The Andon cord placed the power of tactical decision making about quality right at the point where it was needed, with the workers on the production line.

By this means, quality problems were identified and fixed before they moved a further step towards the customer.

It also did something else.

By identifying and fixing problems at the source, the cycle of problem fixing was accelerated greatly. Not every problem can be fixed immediately at the line, but there are processes for escalation, from the front lines to the lowest level that is empowered to address the problem.
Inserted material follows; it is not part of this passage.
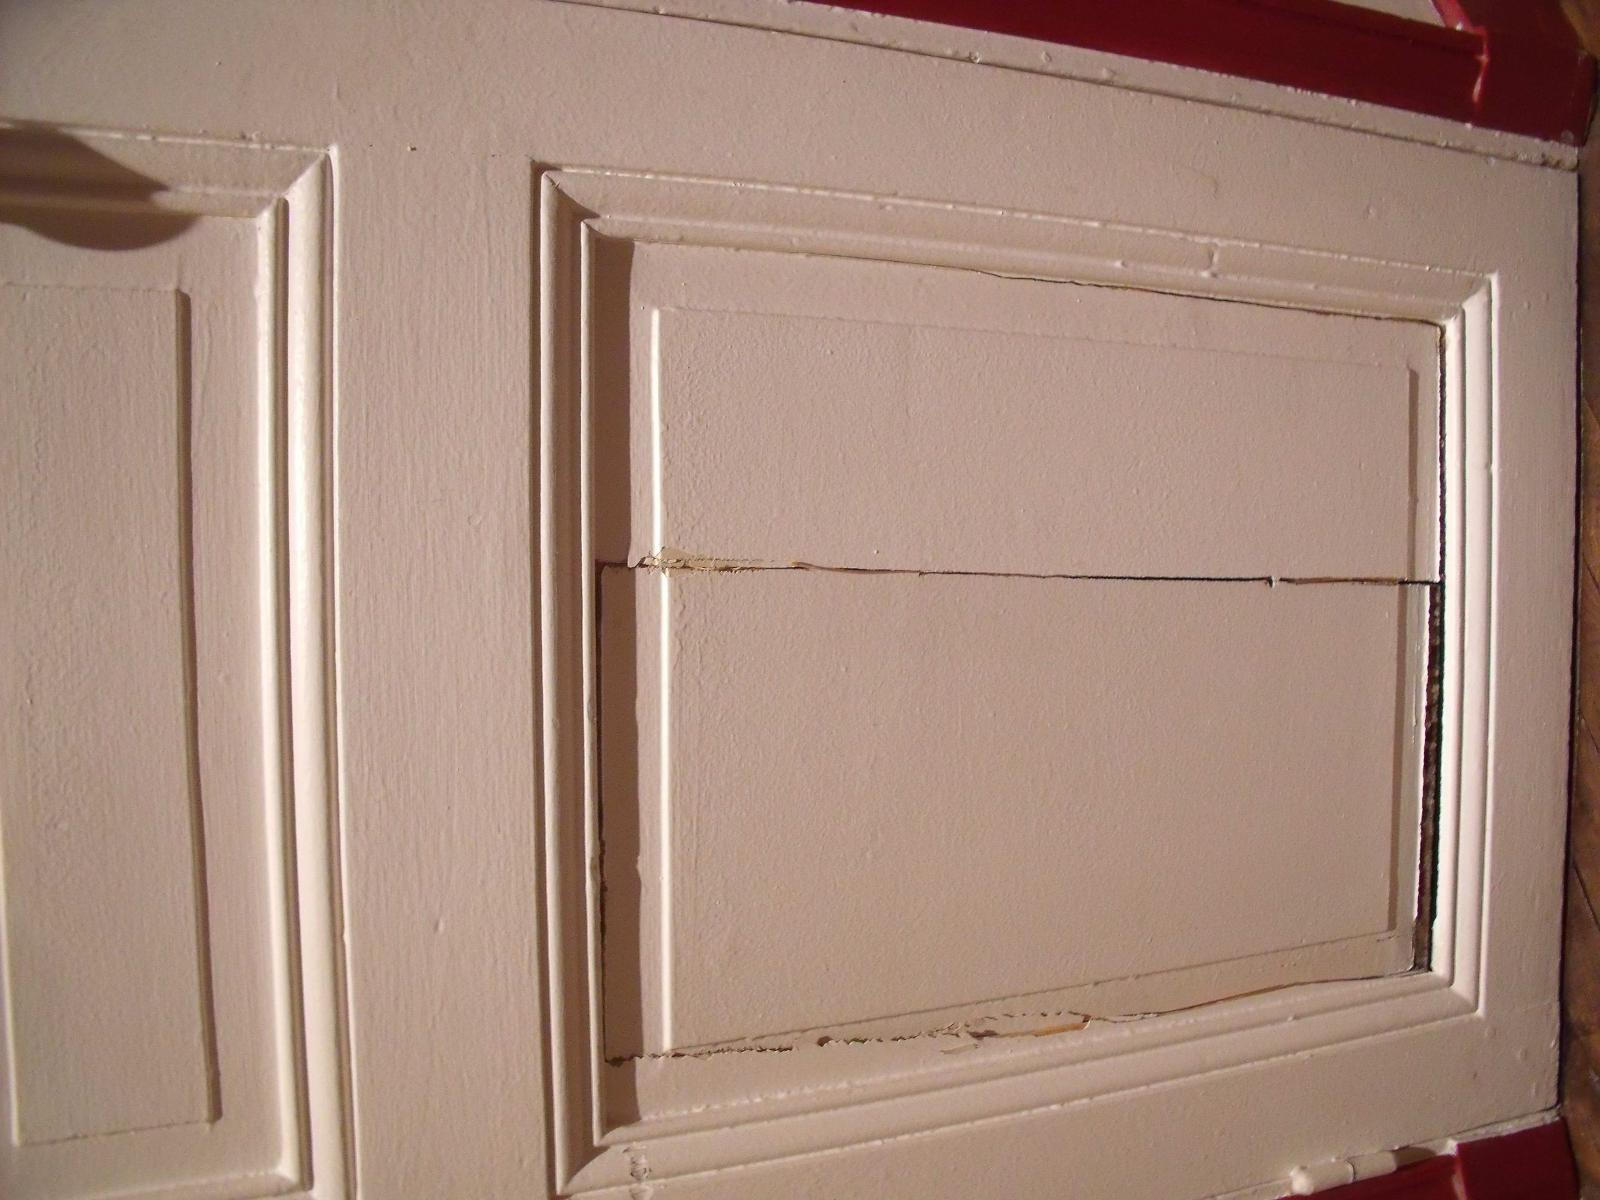 Réparer porte intérieure cassée # Réparer Une Porte En Bois

That escalation involved suppliers when the problem was caused by a supplied part that was substandard.

By contrast, Detroit was driven from the top down, being run by spreadsheets (handwritten until the 90’s) by executives who may never have seen the inside of the factory.

A problem as it escalates up a chain of command has many opportunities to be buried, forgotten, miscommunicated, all of which will happen, driven by all sorts of human frailties and power games. The end result, the little problem in the factory compounds and becomes a big problem with customers, which costs a lot to address, and ruins reputations.
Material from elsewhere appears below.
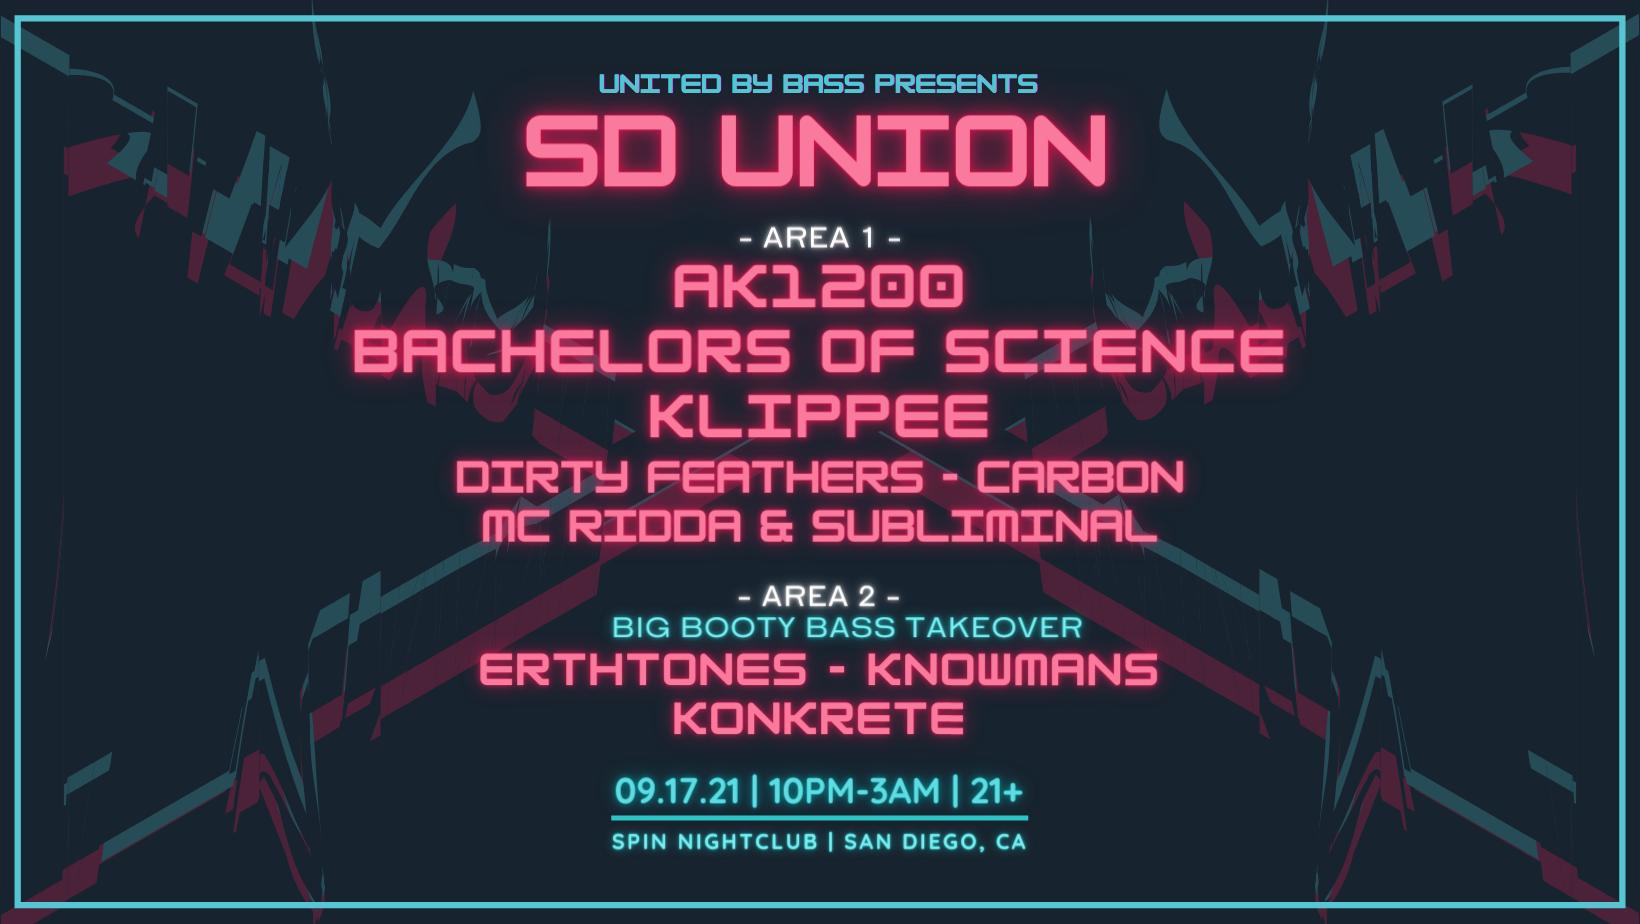 SD Union w/ AK1200, Bachelors Of Science, Klippee + More - SD Union w/ AK1200, Bachelors Of Science, Klippee + More

Toyota got well inside the time it took Detroit to respond to problems. While Detroit was escalating or hiding quality problems, Toyota was fixing them and moving on the next improvement.

They were inside the OODA loop of Detroit, and it destroyed the American car industry.

AI is now giving users an easy tool to get inside the decision cycle of their competition, while seeing the productivity benefits drop to their bottom line.

How are you going to deal with that?